A new move in Congress to stop annoying robocalls to your cell phone

(WASHINGTON) — Bipartisanship in Congress is rare these days, but on Wednesday lawmakers of every stripe agreed: Something must be done to stop the scourge of illegal and unwanted robocalls to cell phones.

The Senate Commerce Committee approved a new measure, called the TRACED Act, to crack down on scammers who prey on unwitting cell phone users, many masking the origin of their telephone numbers to increase the likelihood of unsolicited calls being accepted — a practice known as “spoofing.”

“Half of all calls to cell phones this year will be robocalls,” said Sen. John Thune, R-S.D., the lead sponsor of the Telephone Robocall Abuse Criminal Enforcement and Deterrence Act. Thune said he, too, had received his fair share of the pesky calls.

“This legislation can’t get signed into law soon enough,” Thune said.

One industry estimate by the firm Hiya, as first reported by the Washington Post, says these types of unwanted communication accounted for nearly a third of the 26.3 billion robocalls made to Americans in 2018.

“Our goal is to provide authentication so that consumers know who’s calling them,” said Sen. Edward Markey, D-Mass, who authored the bill with Thune. Markey said the measure would slap offenders with “much tougher penalties which the federal government can impose upon these fraudsters, upon these scammers, upon these tricksters who have insinuated themselves into the lives of every single American.”

The Federal Trade Commission’s “National Do Not Call Registry” has proved ineffective in the face of a rising problem as millions of consumers can attest. Technology has improved to such a degree, lawmakers said, particularly with regard to reaching cell phones, that senators said it’s time for the laws to catch up.

“Since we’re seeing such an escalation of the use of technology to disturb people’s homes, we need an escalation in technology in order to give people protections in their homes and also on their iPhones,” Markey said, holding out his own phone. “iPhones have now become a place where no longer is privacy protected.”

The legislation, similar to a bill introduced in the House last week by Rep. Frank Pallone, D-N.J., would mandate that major phone carriers, such as AT&T and Verizon, employ technology within roughly 18 months of final passage that would tell consumers the origin of an incoming call and whether that number has been verified. The Pallone bill has an added advantage to consumers: It requires that this service be provided for free.

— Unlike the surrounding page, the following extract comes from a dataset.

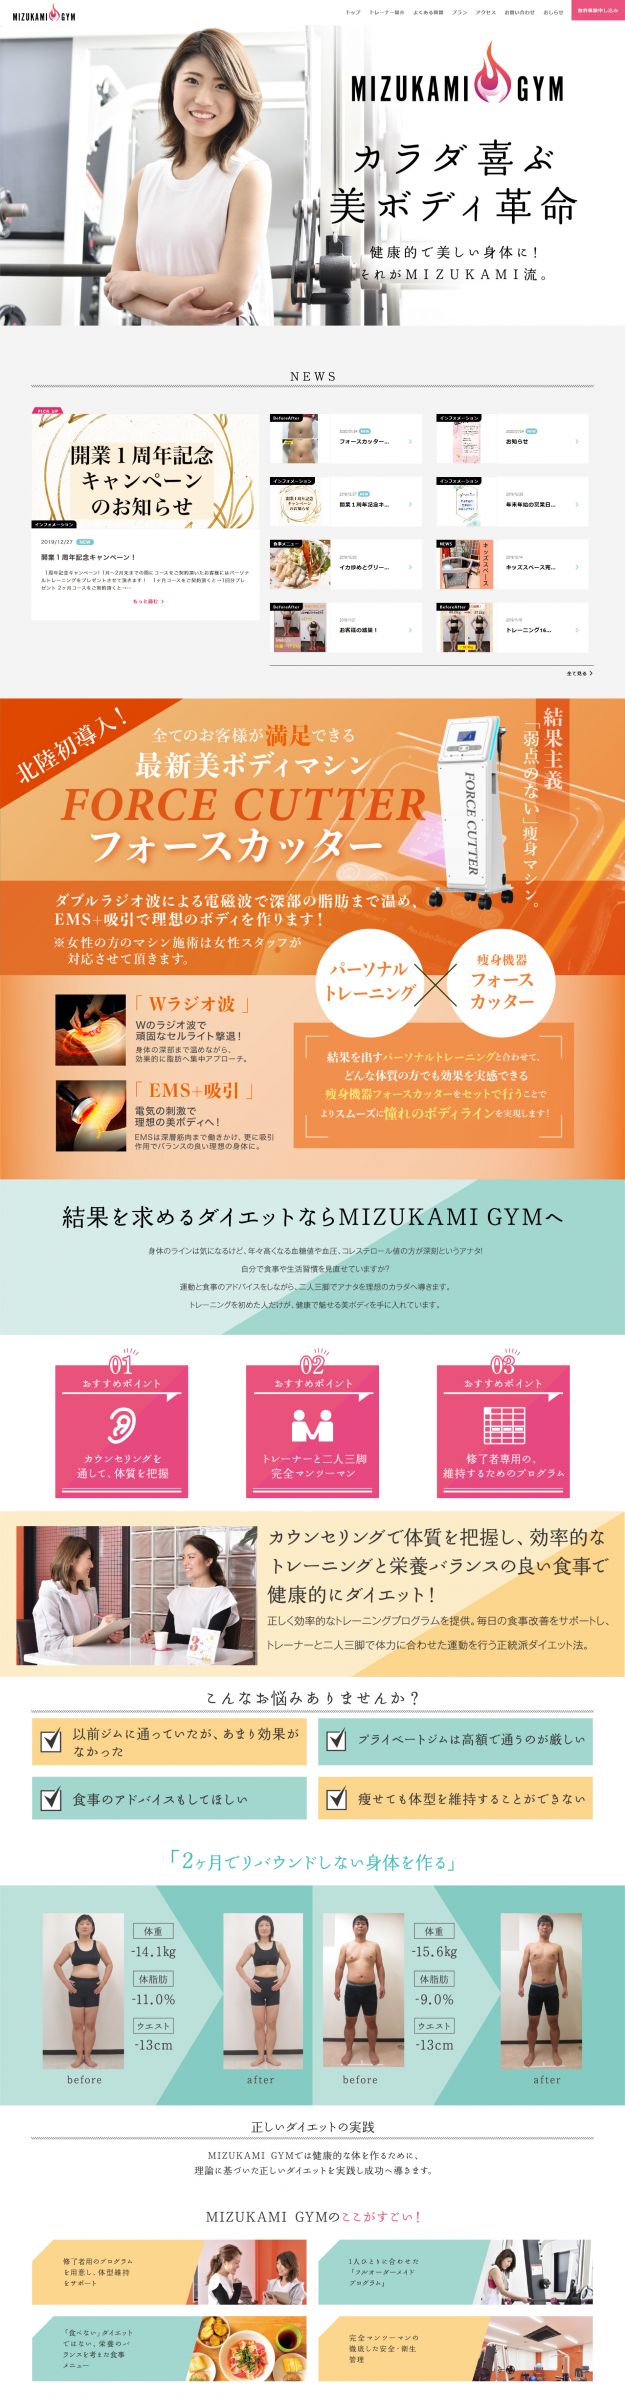 Web Site @ MIZUKAMI GYM 様 / キャストエージェンシー 実績紹介

“We are going to say to the telephone and cable companies that there must be an authentication technology that detects where these calls come from so it’s very clear that they don’t come from the United States of America … and you don’t have to answer that call because you will know where they come from,” Markey said.

In a letter to the committee from all 50 state attorneys general announcing support of the new legislative push, the group warns, “The hardware and software required to make robocalls is easy to obtain, is relatively inexpensive, enables ‘mass-dialing of thousands of calls for pennies,’ and allows telemarketers to fake or ‘spoof’ Caller ID information.”

“Although several providers and third parties offer call blocking and caller identification verification products, virtually anyone can send millions of illegal robocalls and frustrate law enforcement with just a computer, inexpensive software (i.e., auto-dialer and spoofing programs), and an internet connection,” the letter continued.

The FCC Chairman Ajit Pai last year called on phone carriers to act to implement authentication technology, but he did not mandate it.

Lawmakers are now coming together to make these major changes to the system mandatory.